First, it would need to be light. Think along the lines of one of those two-hundred-and-something MPG concept cars made by VW: Just enough room for two people, or one person and a few bags of groceries.
However, there are advantages to in-wheel motors.
First, you have no transmission, just wires. No transmission means that you have a more reliable design, and front-wheel-drive is easy. Heck, you can make the entire car tilt into turns.
Second, you have no moving parts outside of the wheel itself. These are brushless motors, computer controlled instead of using stators.
Third, weight position: You can put the battery wherever you want.
Although it would be much smaller than we're used to, an efficient electric would likely be very sporty. Because you can make the car lean into curves very easily (no transmission!), an electric could easily out-corner almost anything. And, due to high low-end torque, it would easily "leap off the starting line".
Cost:
And here's the all-important pricetag section.
2x Crystalyte wheels w/ in-wheel motors: 800$.
2x 48v Crystalyte 48v/40A ESCs: 420$.
1x El Humongous lithium battery pack: 2,000$
1x grip controller: 40$
4x inexpensive disc brake sets (for bicycles): 80$
2x Front wheels: 100$
Assorted steel tubing and cable: About 200$
Total cost: 3,700$.
This seems insane, certianly, but consider the cost of a small used car. Although you're limited to about two grocery bags of storage capacity, this is pretty economical.
Also considert that this is a one-off. If thousands were made, the cost would be about 2,500$, making them great vehicles for college students, or as secondary cars for people who own sedands for driving large distances.
Maintenance and Upkeep:
One of the major costs of any vehicle is fuel. However, another, possibly larger cost, is upkeep.
Let's examine the two.
Gas: $2.50 a gallon, for an estimated 30 miles in a small car.
Electric: $0.30 for 3 kilowatts, yielding 30+ miles from an electric car based around two of the above motors. Or free, if you plug it into a city outlet in a city like, say, Green Bay.
But there are further advantages.
Parking: A small electric car could easily be stood up on end. After all, it would only weigh about 150 lbs. In this way, you could fit about ten electric cars in the same space as a SUV, and probbably find a way to avoid paying for parking.
Idling: Gasoline engines suck down fuel when idling. Electric motors will happily sit in traffic for hours, and pull no power at all. A 25mpg car will often get about ten miles per gallon in LA traffic; an electric motor will have a very small drop in efficiency.
And then there's maintenance.
Your average car can cost $1,000-$2000 or more a year, between transmission fluid, brakes, and other assorted problems. Brake pads cost hundreds, as do tires.

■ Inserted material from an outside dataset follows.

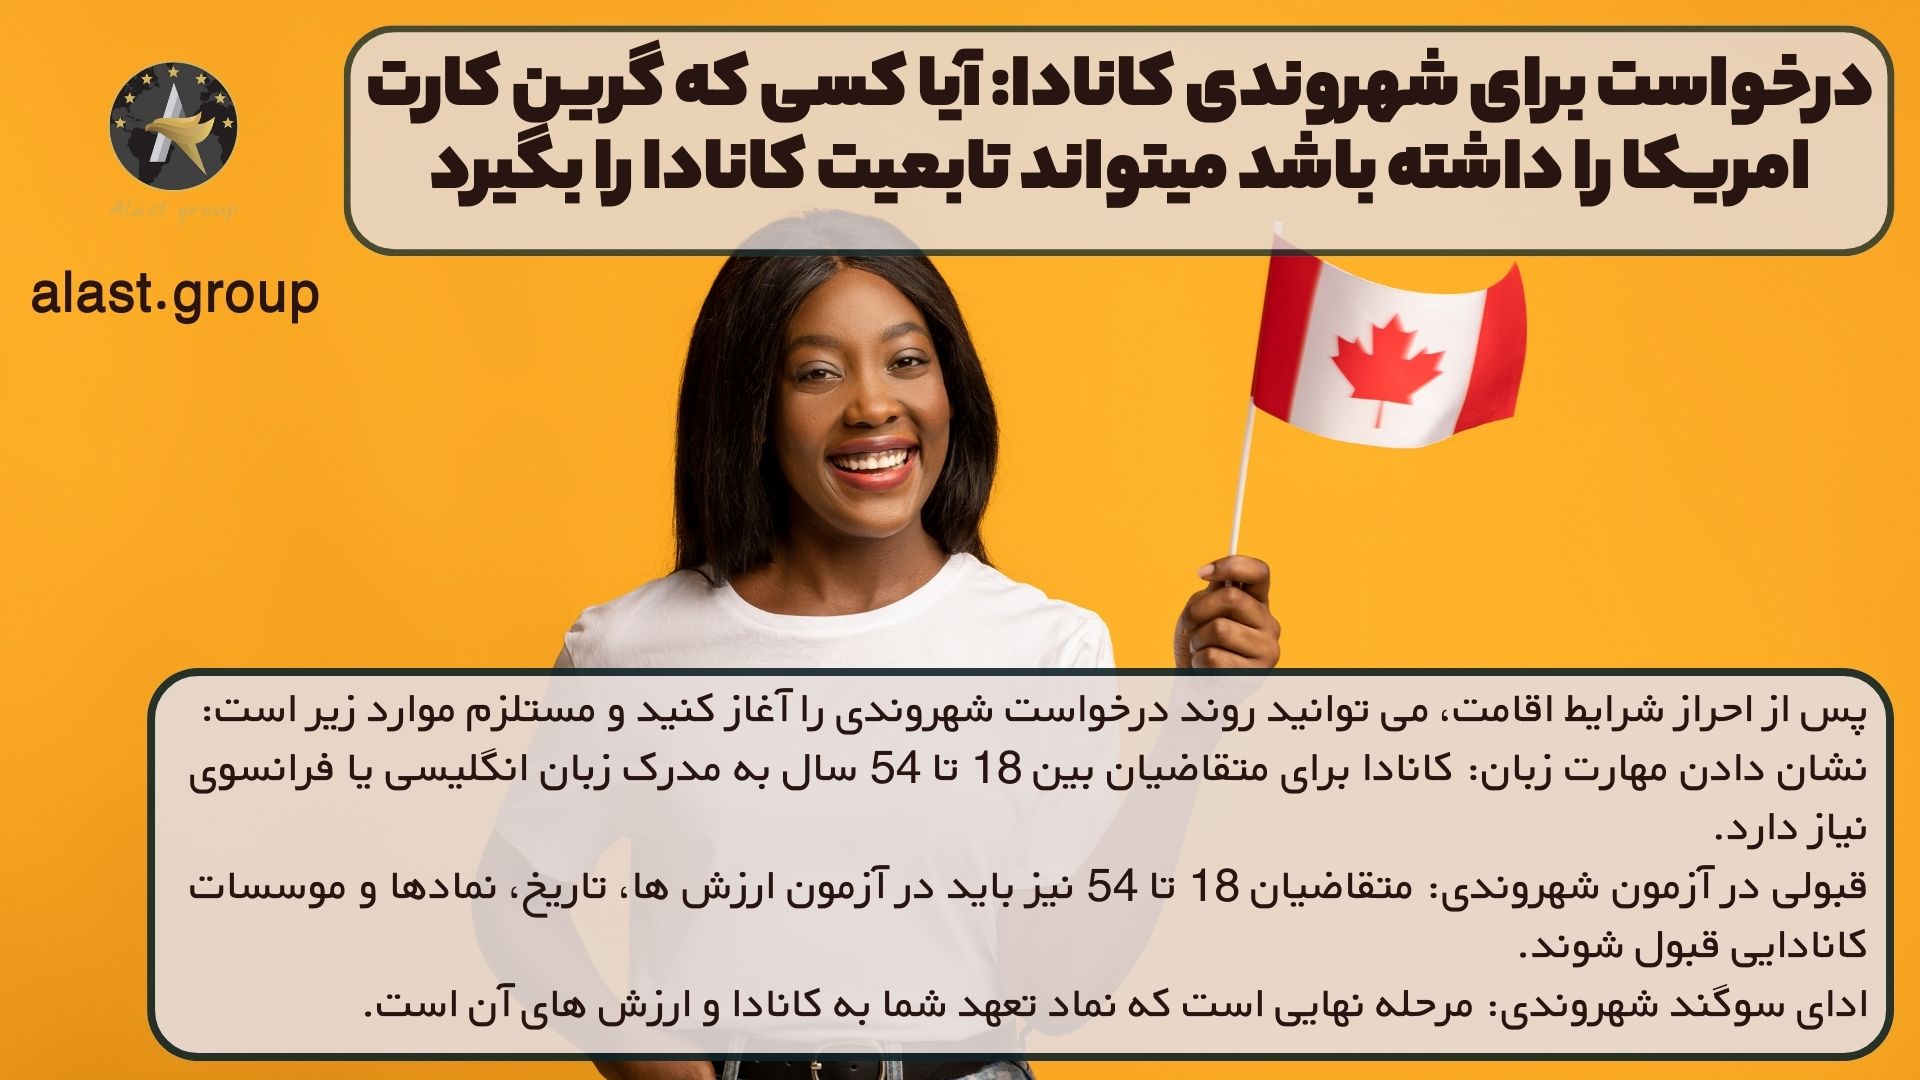 درخواست برای شهروندی کانادا: آیا کسی که گرین کارت امریکا را داشته باشد میتواند تابعیت کانادا را بگیرد

On the other hand, an electric car costs very little. Although a new battery every few years means a 600$ average yearly expenditure, you have to consider that an electric bike according to the above specs would be otherwise very cheap.
Bike tires: About 20$ for okay ones, or 80$ for all 4. You'd need new ones every six months, but you can move to mountian bike tires during the winter with little difficulty. Tire replacement costs about 6$ at my local bike shop with purchase. Inner tubes are 10$ installed.
Car tires: 80$+ each, although you need to replace them less often. However, flats are much more costly to replace, and installation must be done at a garage, which charges much more.
Bike oil: My favorite variety of turbine grease is 12$ for a bottle. A bottle will allow for about 2 years worth of oil one of these bikes.
Car Oil: 30$ per oil change. And you need 'em on a regular basis for stop-and-go traffic.
Bike transmission fluid, CVDs, et cetera: Does'nt used them
Car transmission fluid, CVDs, et cetera: I don't like thinking about it.
High Performance
Take four motors, make an AWD variant of the above vehicle with two battery packs.
Cost would be 3,000$ higher, but performance would be insane. (Plus, AWD!)
R/C airplanes, if you're not familiar with them, generally have the very latest and best in electronic control, composite construction, and battery technology. And the second-best, too, for a tiny fraction of the price.
So, why the zark are'nt we applying this to electric cars?
Motors:
Take a look at the following:
Crystalyte Phoenix Brushless Motor
The Crystalyte Racer 4840 pulls about 1900 watts maximum, but allows accelleration to 20 mph faster than some cars. And the 4840 is not a high-torque motor, either; accelleration is likely limited by the fact that in-wheel motors don't have gearboxes. (Shimano DOES make some awesome in-wheel gearboxes, though; I wonder how they'd work?)
Now, let's consider the following:
1. This is for one electric motor, pulling 250+ lbs. of rider and bike.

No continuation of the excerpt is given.